API Connection Refused

# Check if service is running
docker ps | grep tgi

# Check if port is open
curl http://localhost:8081/health

# Check from Nextcloud container
docker exec nextcloud curl http://tgi-mistral:80/health

Comparison with Ollama

FeatureTGI/vLLMOllama
OpenAI API✅ Yes❌ No (custom API)
SetupMedium (Docker)Easy (one command)
ModelsAny Hugging FaceCurated list
Performance⚡⚡⚡ Optimized⚡⚡ Good
LLPhant Support✅ Yes (via OpenAI client)❌ Requires adapter
Production✅ Yes✅ Yes

Recommendation:

  • Use TGI/vLLM if you need OpenAI API compatibility
  • Use Ollama if you want simpler setup and don't need OpenAI API

Integration Examples

Example 1: RAG with Local Mistral

use LLPhant\Chat\OpenAIChat;
use LLPhant\Embeddings\VectorStores\Qdrant;

// Configure OpenAI client to use local TGI
$config = [
'base_uri' => 'http://tgi-mistral:80',
'timeout' => 30
];

$chat = new OpenAIChat($config);

// Use for RAG
$context = $vectorStore->search($query, 5);
$prompt = "Based on this context: {$context}\n\nQuestion: {$query}";
$answer = $chat->generateText($prompt);

Example 2: Entity Extraction with Local Mistral

function extractEntities(string $text): array
{
$prompt = "Extract all person names, organizations, and locations from this text.

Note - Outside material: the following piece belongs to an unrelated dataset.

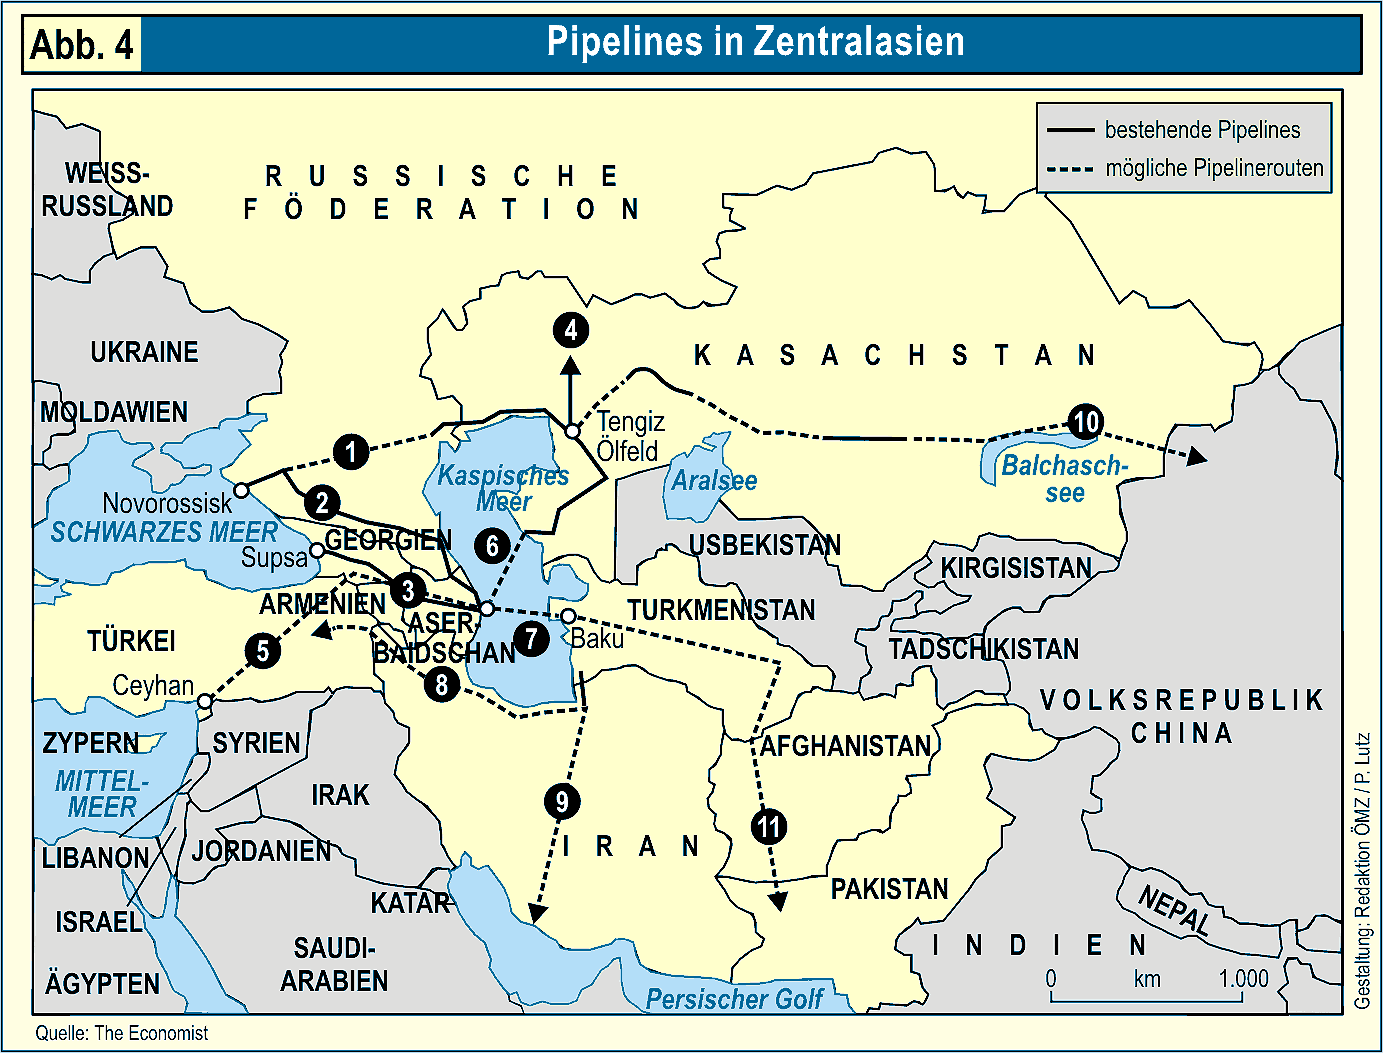 Pipelines in Zentralasien.

Return as JSON.\n\nText: {$text}";

$response = callLocalLLM($prompt, 'http://tgi-mistral:80');
return json_decode($response, true);
}

$text = "Jan de Vries works at Gemeente Amsterdam in the Netherlands.";
$entities = extractEntities($text);

// Result:
// {
// "persons": ["Jan de Vries"],
// "organizations": ["Gemeente Amsterdam"],
// "locations": ["Netherlands"]
// }

Example 3: Document Summarization

function summarizeDocument(string $content): string
{
$prompt = "Summarize the following document in 3-5 sentences:\n\n{$content}";
return callLocalLLM($prompt, 'http://tgi-mistral:80');
}

Production Deployment

Resource Allocation

# Production TGI configuration
tgi-mistral:
deploy:
replicas: 2 # For high availability
resources:
limits:
memory: 32G
cpus: '8'
reservations:
memory: 16G
devices:
- driver: nvidia
device_ids: ['0', '1'] # Use specific GPUs
capabilities: [gpu]

Monitoring

# Check TGI metrics
curl http://localhost:8081/metrics

# vLLM metrics (Prometheus format)
curl http://localhost:8082/metrics

Load Balancing

For multiple instances, use nginx:

upstream tgi_backend {
server tgi-mistral-1:80;
server tgi-mistral-2:80;
}

location /v1/ {
proxy_pass http://tgi_backend;
}

External Resources


Summary: TGI and vLLM provide OpenAI-compatible APIs for local Hugging Face models like Mistral. This allows LLPhant and other OpenAI clients to use local models instead of cloud APIs, ensuring privacy and cost savings.